Issue 12027
registry-metadata-sync: duplicate datasets on BioCASE
12027
Reporter: kbraak
Assignee: fmendez
Type: Bug
Summary: registry-metadata-sync: duplicate datasets on BioCASE
Priority: Blocker
Resolution: WontFix
Status: Closed
Created: 2012-10-15 15:30:17.362
Updated: 2013-12-16 17:50:20.188
Resolved: 2012-10-18 10:23:47.24
Description: A BioCASE technical installation ( http://gbrds.gbif.org/browse/agent?uuid=603b2dd6-f762-11e1-a439-00145eb45e9a ) has 4 registered endpoints:
BIOCASE - http://dsibib.mnhn.fr/biocase/pywrapper.cgi?dsa=arachne
BIOCASE - http://dsibib.mnhn.fr/biocase/pywrapper.cgi?dsa=coleoptere
BIOCASE - http://dsibib.mnhn.fr/biocase/pywrapper.cgi?dsa=mycobase
BIOCASE - http://dsibib.mnhn.fr/biocase/pywrapper.cgi?dsa=reptamph
The result of metadata synchronization, is that each endpoint produces 4 different datasets. Plus there are others. Here's the result:
4 x Arachnides datasets
4 x Coleopteres datasets
4 x Ensiferes datasets
4 x Marine invertebrates, mollusca and crustacea datasets
4 x MNHN Reptiles and Amphibians datasets
4 x Ressources fongiques datasets
Actually, the iventory (scan) from the endpoint is http://dsibib.mnhn.fr/biocase/pywrapper.cgi?dsa=arachne
Arachnides
Coleopteres
Ensiferes
MNHN Reptiles and Amphibians Collection Catalog
Marine invertebrates, mollusca and crustacea
Ressources fongiques
I suspect it is because all 4 endpoints expose all 6 dataset behind it, and each time one endpoint synchronizes, each dataset gets added/updated again.

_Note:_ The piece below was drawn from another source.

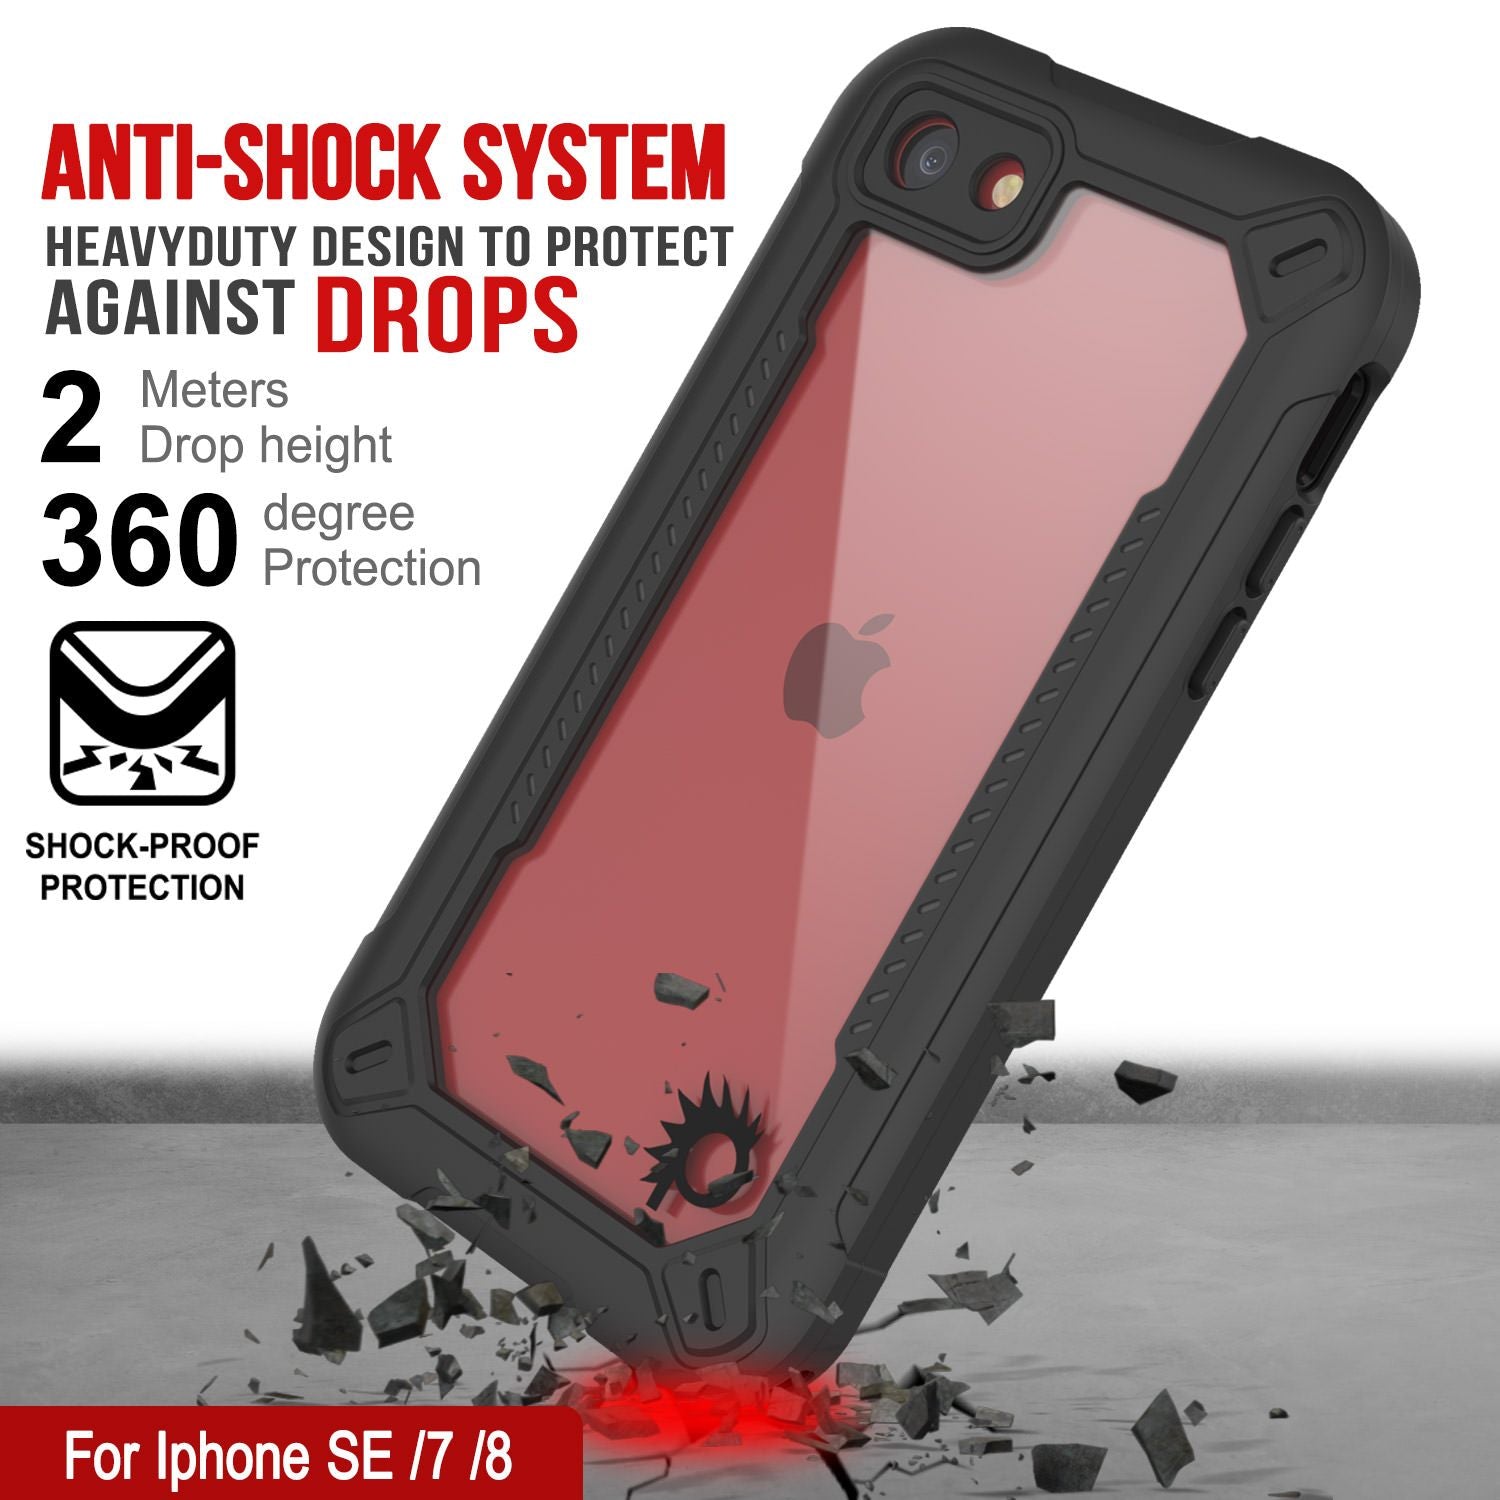 iPhone 8 Waterproof IP68 Case, Punkcase [Black]  [Maximus Series] [Slim Fit] [IP68 Certified] [Shockresistant] Clear Armor Cover with Screen Protector | Ultimate Protection

Surely they all use the same dataset name (code) and we can update each dataset instead of creating a new one for each endpoint?
I attach a copy of the logs from the synchronization on the technical installation for our reference.
Thanks
]]>
Attachment Screen Shot 2012-10-15 at 3.29.37 PM.png
Attachment agent-603b2dd6-f762-11e1-a439-00145eb45e9a.log
Author: fmendez@gbif.org
Comment: the metadata-sync process each endpoint separately , that means each endpoint contains each own set of dataset...i understand that in this case we have several endpoints serving the same six datasets?...that case is not handled by the synchronizer at all...and I don't know if we should manage that situation; for the metadata-sync those are different datasets with the same name behind different endpoints
Created: 2012-10-17 12:22:40.12
Updated: 2012-10-17 12:22:40.12
Author: fmendez@gbif.org
Comment: The real issue here is that we are harvesting 3 endpoints that serve the same 6 datasets, for the metadata-synchronizer is not possible to know if those datasets are the same or not, the synchronizer assumes that each endpoint serves its own datasets.
Created: 2012-10-18 10:23:47.264
Updated: 2012-10-18 10:23:47.264